There were 2,986 households 22.6% had children under the age of 18 living with them, 41.1% were married couples living together, 7.9% had a female householder with no husband present, 3.3% had a male householder with no wife present, and 47.7% were non-families. 39.4% of households were one person and 17.9% were one person aged 65 or older. The average household size was 2.04 and the average family size was 2.74.

The median age was 42.1 years. 18.7% of residents were under the age of 18; 13.2% were between the ages of 18 and 24; 21.1% were from 25 to 44; 24.9% were from 45 to 64; and 22.0% were 65 or older. The gender makeup of the city was 48.1% male and 51.9% female.

===2000 census===
As of the 2000 census, there were 6,826 people, 2,996 households, and 1,668 families living in the city. The population density was 2062.5 PD/sqmi. There were 3,250 housing units at an average density of 982.0 /sqmi. The racial makeup of the city was 97.39% White, 0.73% African American, 0.75% Native American, 0.28% Asian, 0.00% Pacific Islander, 0.19% from some other races and 0.66% from two or more races. Hispanic or Latino people of any race were 0.82% of the population.

The top six ancestry groups in the city are German (45.5%), Norwegian (38.8%), Irish (9.1%), Swedish (5.2%), French (4.8%), English (3.8%).
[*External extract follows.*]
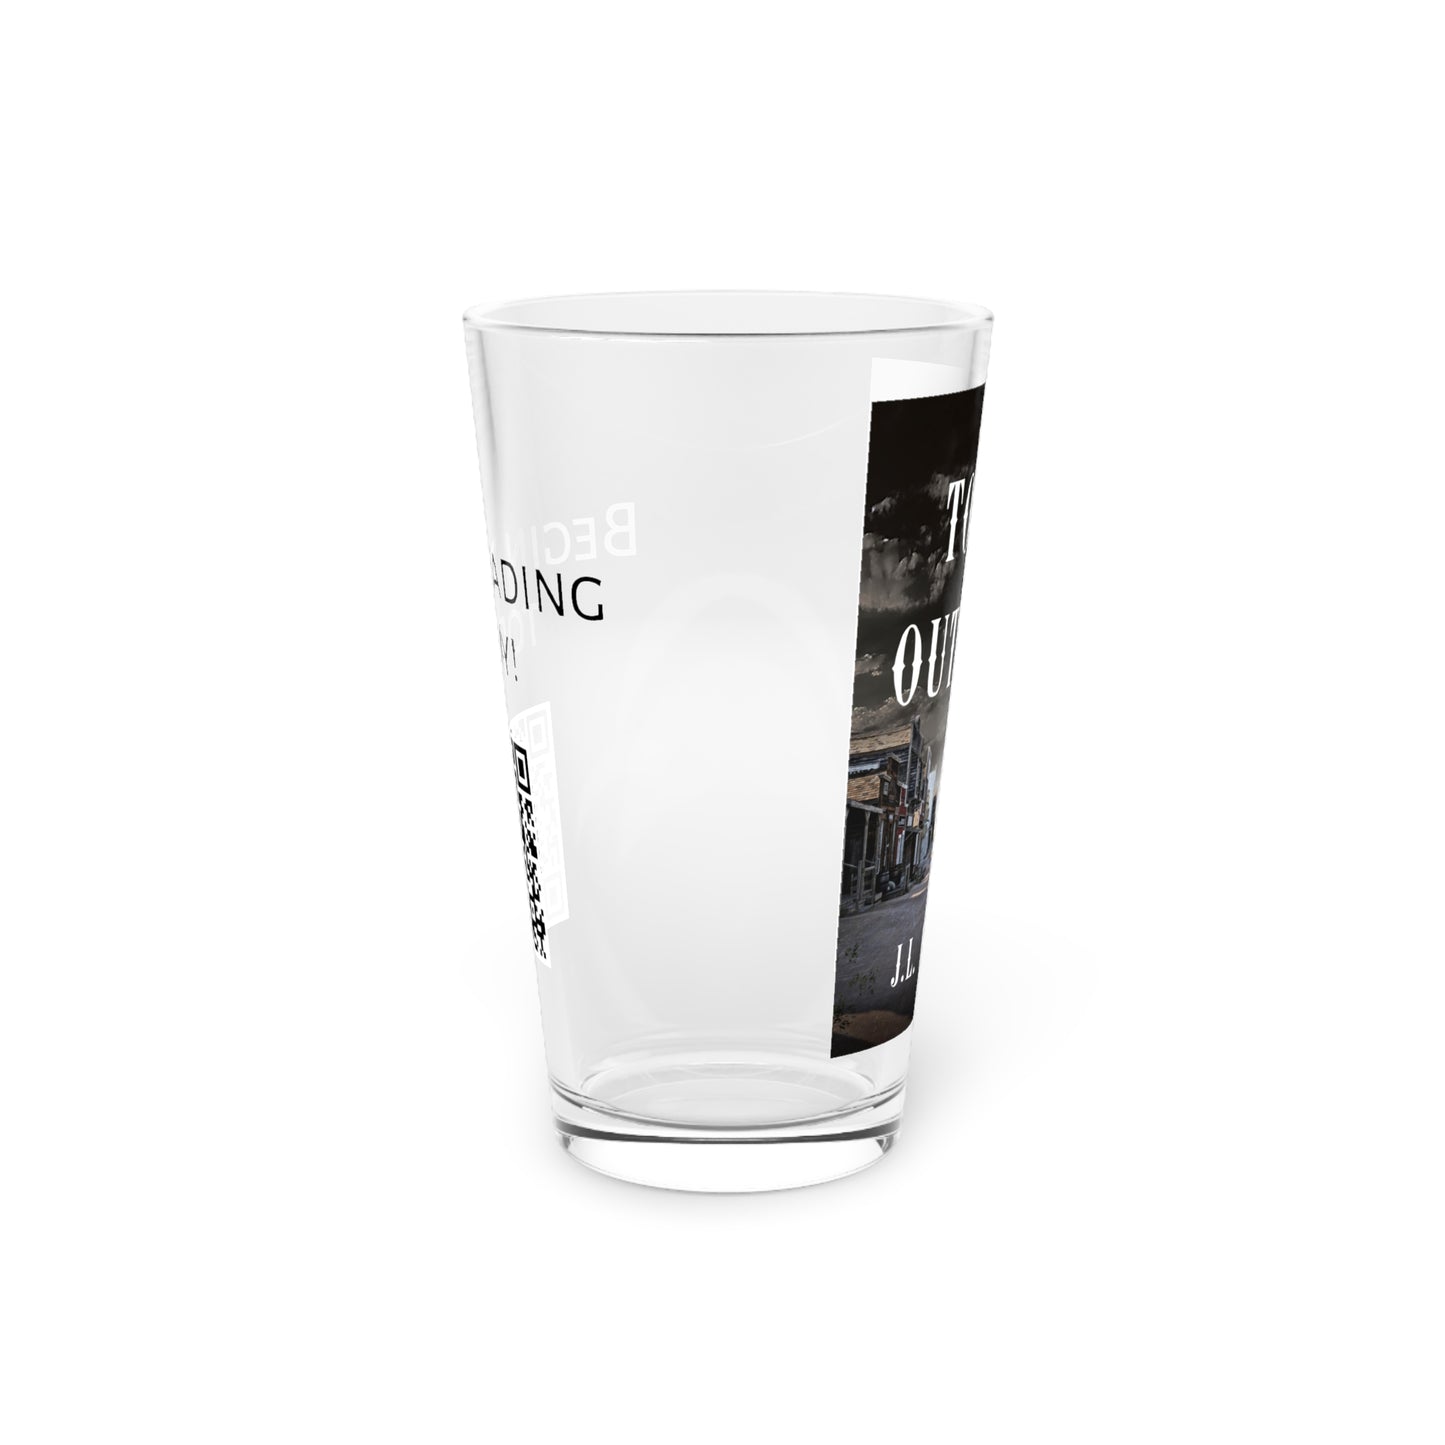 The Town Of Outlaws - Pint Glass

There were 2,996 households 23.3% had children under the age of 18 living with them, 44.6% were married couples living together, 8.1% had a female householder with no husband present, and 44.3% were non-families. 38.3% of households were one person and 19.6% were one person aged 65 or older. The average household size was 2.09 and the average family size was 2.77.

The age distribution was 18.8% under the age of 18, 15.3% from 18 to 24, 21.4% from 25 to 44, 21.4% from 45 to 64, and 23.1% 65 or older. The median age was 41 years. For every 100 females, there were 89.4 males. For every 100 females age 18 and over, there were 87.5 males.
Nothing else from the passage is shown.